In a panel discussion hosted by Azalea Health, Jimmy Lewis, CEO from Hometown Health, and four additional CEOs including: Jon Green from Taylor Regional, Michael Hester from Stephens County Hospital, Brian Miller from Dewitt Hospital, and Tammy Mims from Liberty Regional Hospital, all discussed challenges faced by rural hospitals.
Jimmy Lewis, the panel’s moderator, began by warmly welcoming everyone, before asking, “What are the challenges in your hospital and how have you had to overcome it?”
Tammy Mims spoke first. For her hospital, testing kits were not readily available, ran low, and sometimes were non-existent. They experienced an upwards of 14-day delay in test results. Others agreed that this was a common trend for most rural healthcare clinics. Hospitals like Bruce Miller’s were luckier and had a surplus of supplies and testing machines. Though Miller added, “There’s no such thing as luck, only effective preparation.”

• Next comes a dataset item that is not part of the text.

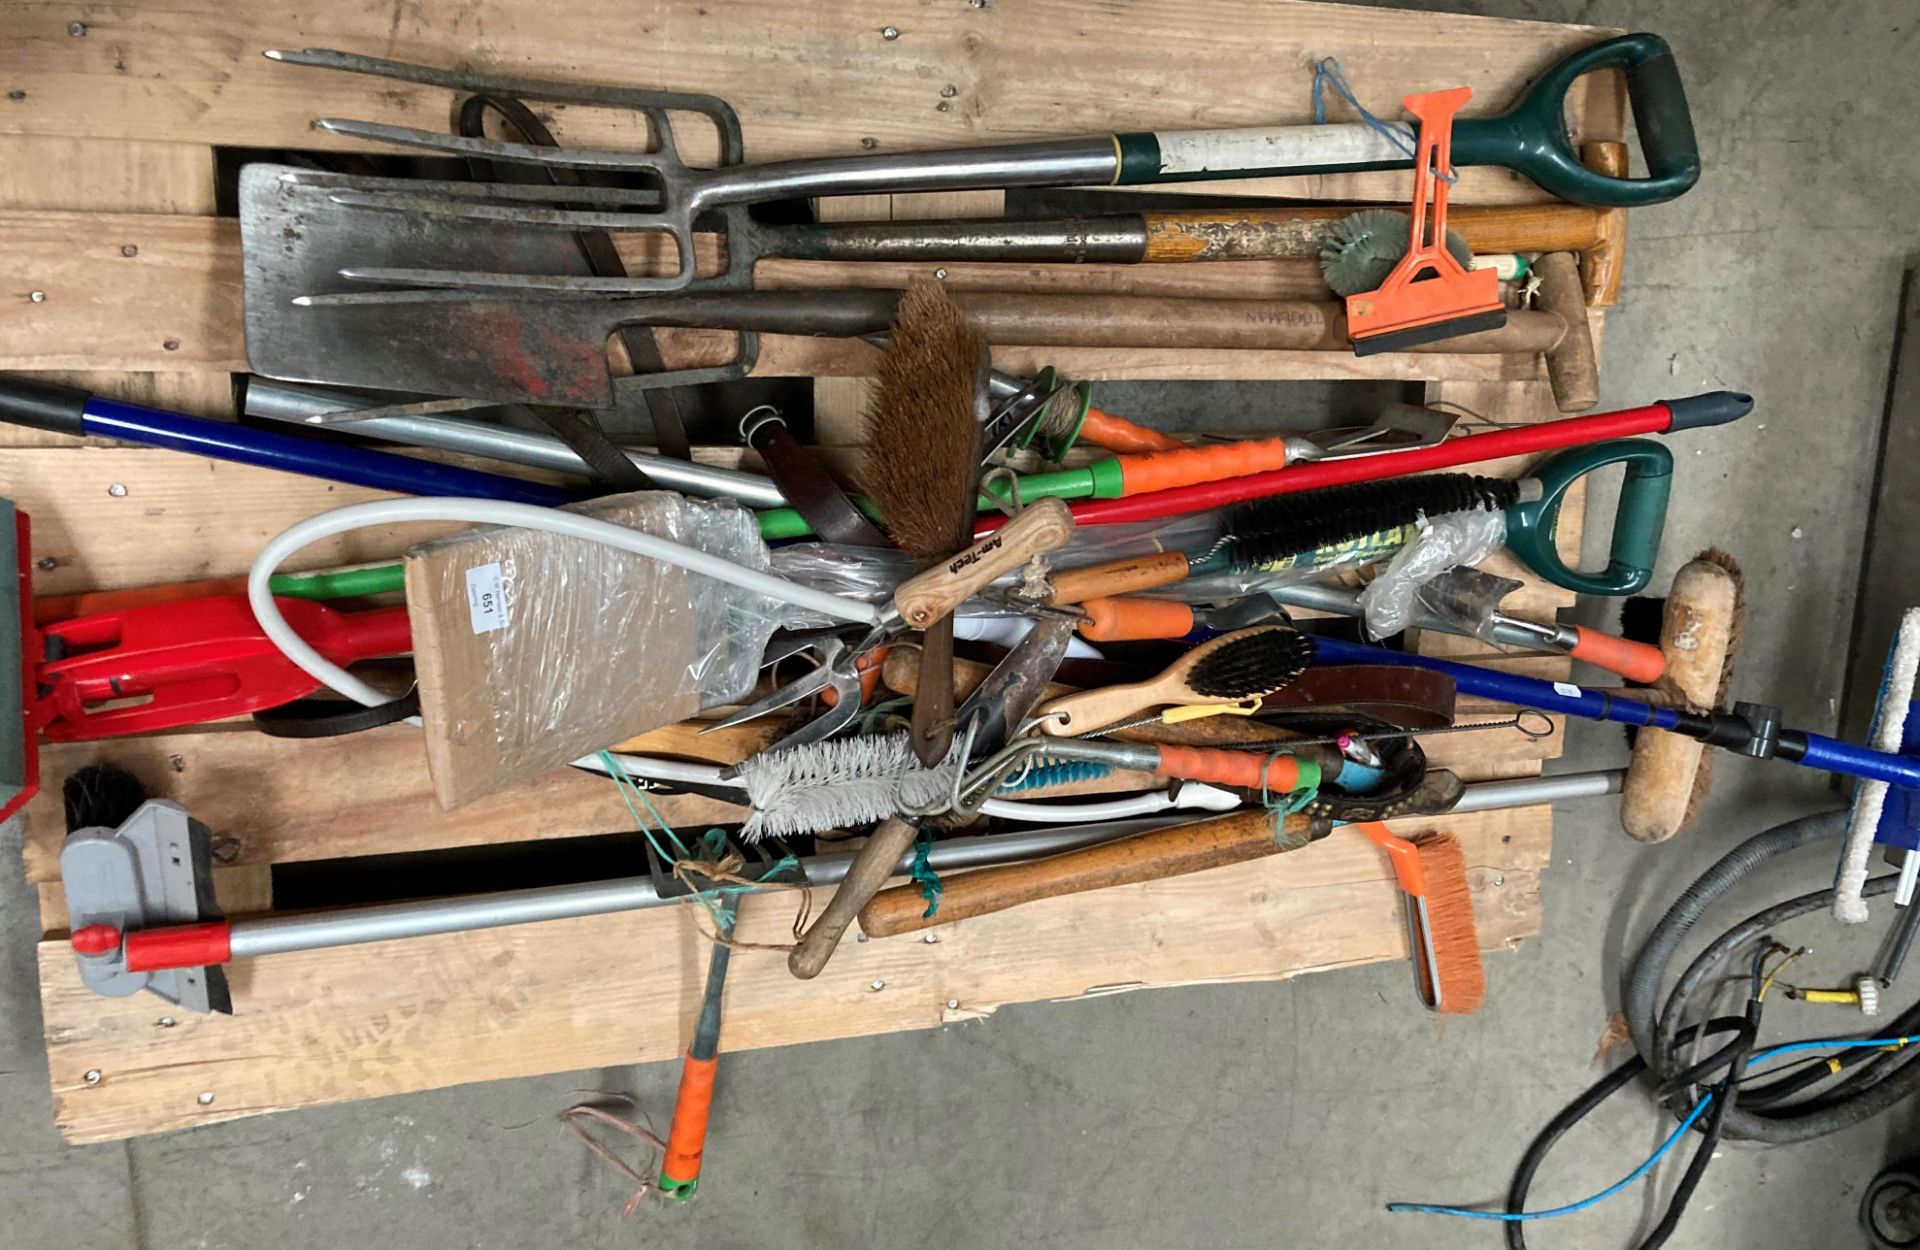 Contents to pallet - gardening and other tools (saleroom location: C01/D01)
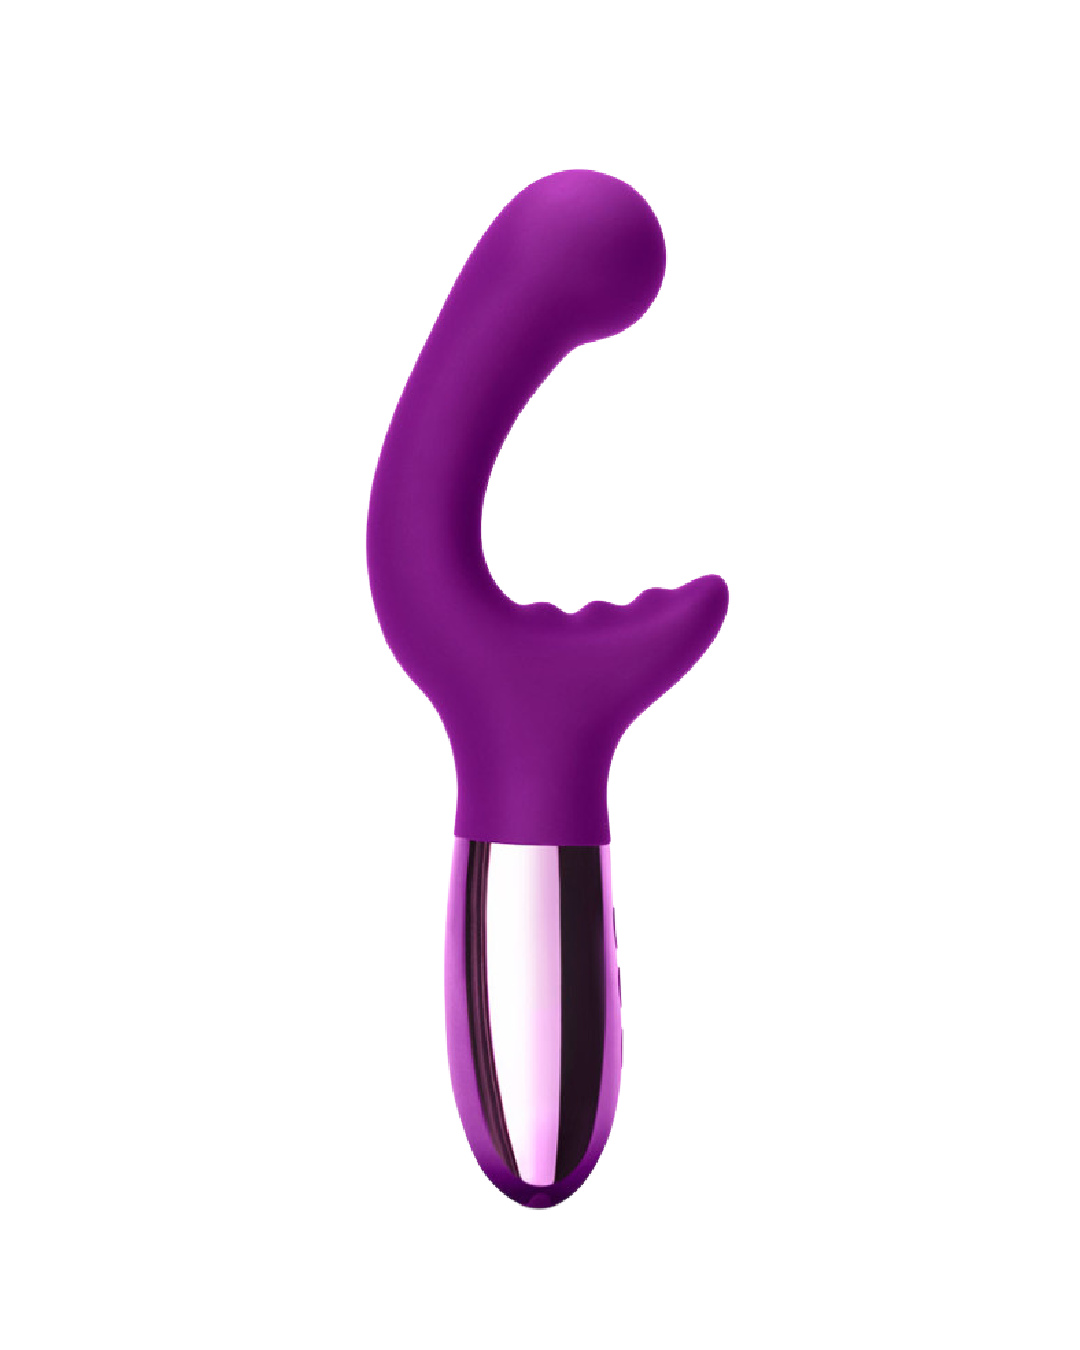 Le Wand XO Double Motor Internal and External Vibrator - Dark Cherry side view of the curve

The lack of quick results greatly impacted staff for all CEOs, as many of their employees had to be quarantined for extended periods. Michael Hester said that there were unexpected challenges in staffing their personal care/assisted living facilities. The main difficulty was treating elderly patients who needed specialized care with no resources available. He was thankfully able to receive FEMA nurses to alleviate the situation, but not everyone has been so lucky. Many times, Mims said, they had to cross-train their staff to fill in any voids. This kept people employed but was not ideal.
There’s no such thing as luck, only effective preparation.
The panel then shifted to the topic of revenue. Lewis asked “From a revenue standpoint, how big of a hit have you taken? And what is your hospital doing with the money coming from the government?”
Waiting for government money while seeing little to no patients created razor thin margins. At one-point outpatient visits dropped 70 percent and inpatient dropped 20 percent for Hester’s hospital. “April was the hardest month,” Mims said. Revenue dropped steeply by 30 percent in some cases. The money coming in from assisted living locations was a major factor, they all commented. Hester reported that they had to furlough employees for a month, but once the Paycheck Protection Program (PPP) money came in, they were able to hire staff again. Miller called the stimulus money a blessing, stating that he would not have been able to receive some of the new medical equipment without it. The stimulus money will continue to impact his hospital positively even after the pandemic. However, Lewis and Miller agreed good detailed accounting will be very important, given the governments impending audit. All CEOs are wondering how much the government will ask for in return.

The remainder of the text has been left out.